A few years ago, I was chatting with a Pritzker Prize-winning friend. He asked what architecture meant to me. “Architecture is fantasy,” I replied. He was shocked: “Why? Shouldn’t architecture be about building reality?” “Fantasy is about building reality,” was my explanation. Throughout history, the most profound buildings have recorded people’s fantasies, desires, faiths and reflections. Humans are always searching for meaning in existence, and sometimes that meaning is found by realising our dreams.
Is imagination no longer important for our times? Well, it is still crucial to our present, but it has simply shifted away from architecture. Artificial intelligence is reshaping society and even culture; biomedical science is extending human life; absurd politics and markets constantly astonish us (yet at least provoke reflection). Everyone is caught in a torrent of transformation, while architecture is pushed to a marginal, awkward position. It eagerly declares loyalty to traditional principles and a desire to better serve society, yet it fails to capture people’s attention and can no longer lead culture.
Simply put, traditional architecture is utterly incapable of taking responsibility for the questions it raises.
Ma Yansong
Simply put, traditional architecture is utterly incapable of taking responsibility for the questions it raises. When capital calls, architects instantly return to the rat race of reality, competing to become tools. Through self-censorship, a lack of critique, a loss of imagination and fear of challenge, architecture has gradually forfeited its former cultural leadership. More and more students and young architects are quitting architecture. The question they ask most is: since when have we architects allowed reality to defeat dreams?

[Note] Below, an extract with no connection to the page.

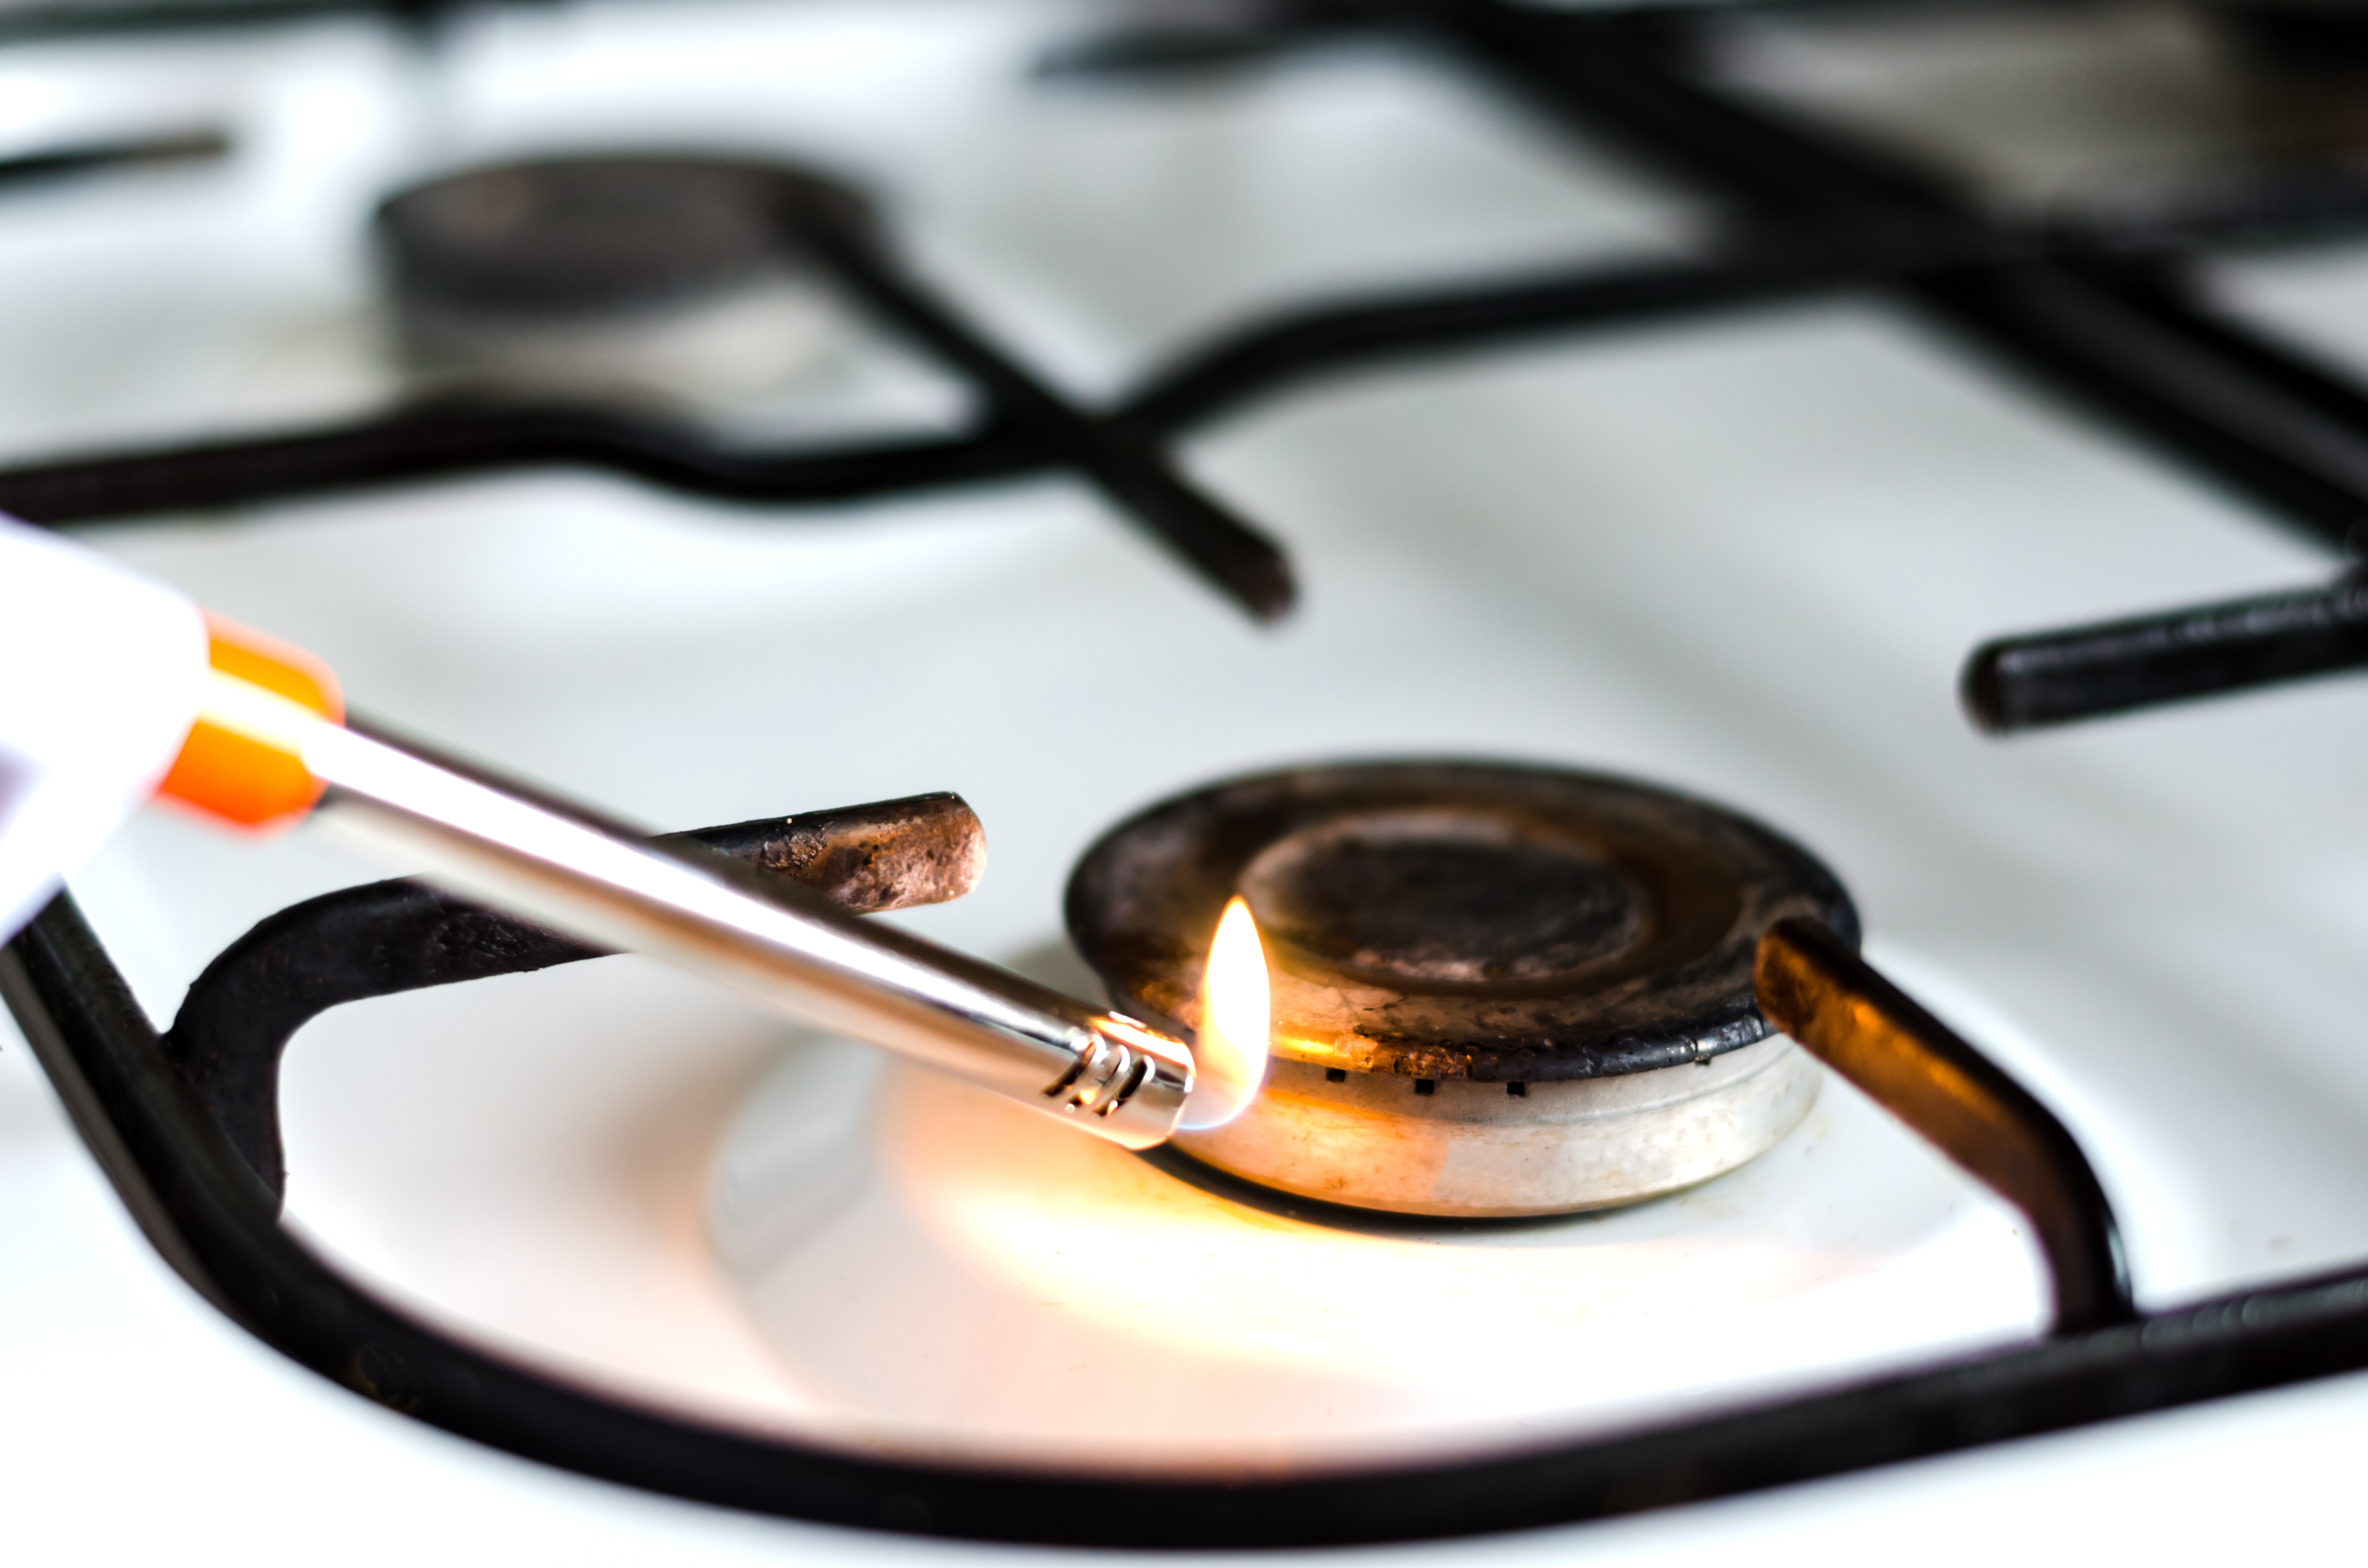 How to Diagnose The Most Common Electric Stovetop Problems

The concepts and works of architects once held influence like philosophers and artists. Imaginative, avant-garde and experimental architecture once shaped eras or envisioned futures, captivating the public and influencing mass culture. Yet today, the mainstream value is increasingly trapped in a global predicament. In fact, in different corners of the world, people’s fantasies are not the same. Different regions and cultures have their own contexts, reflections and visions of the future. If you go to China or India and ask people what they think of an architect crowned by the West, locals might reply: “That’s what they like.”

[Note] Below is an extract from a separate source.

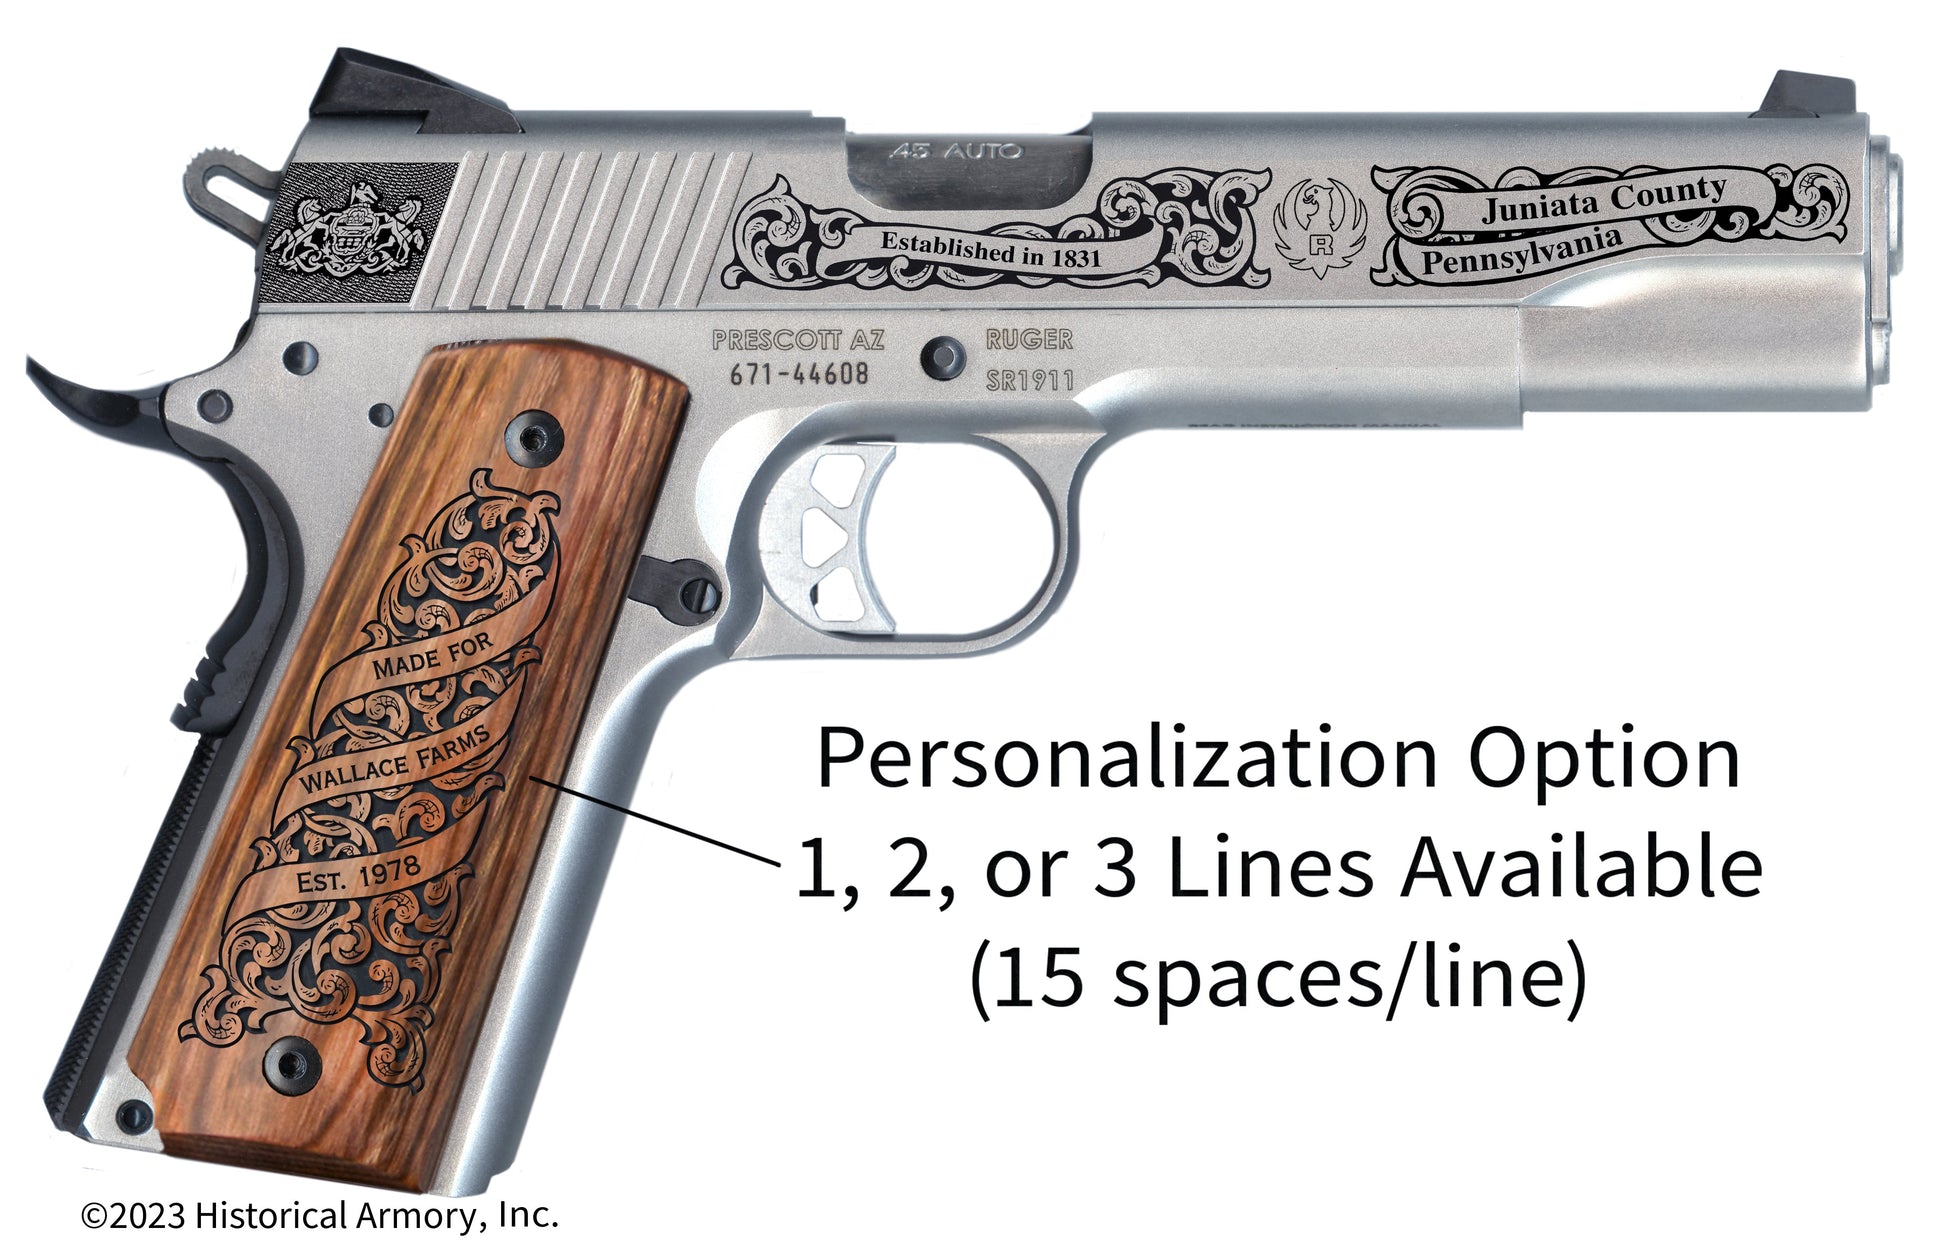 Juniata County Pennsylvania Personalized Engraved .45 Auto Ruger 1911

In this issue, we want to level our gaze and listen to what imagination truly means to different communities. What they need has never been “recognition” by a single global system, but to break through defined perceptions and courageously unfold their own unique and diverse narratives.
In China, there is now what is referred to as “the beauty of economic ascent”. Similar to Japan’s Bubble Era aesthetics, Korea’s Miracle on the Han River or the USA’s Gilded Age, the term refers to the confidence, vitality and imagination towards the future displayed during periods of rapid economic growth. In our extensive editorial process, we found that across different economic and cultural environments, regardless of ups and downs, function or scale, many architects exhibit this positive mindset: daring to reveal genuine dreams and expectations, expressing them passionately.
I see this as their steadfast commitment to the ideal of architecture – changing reality, with fantasies.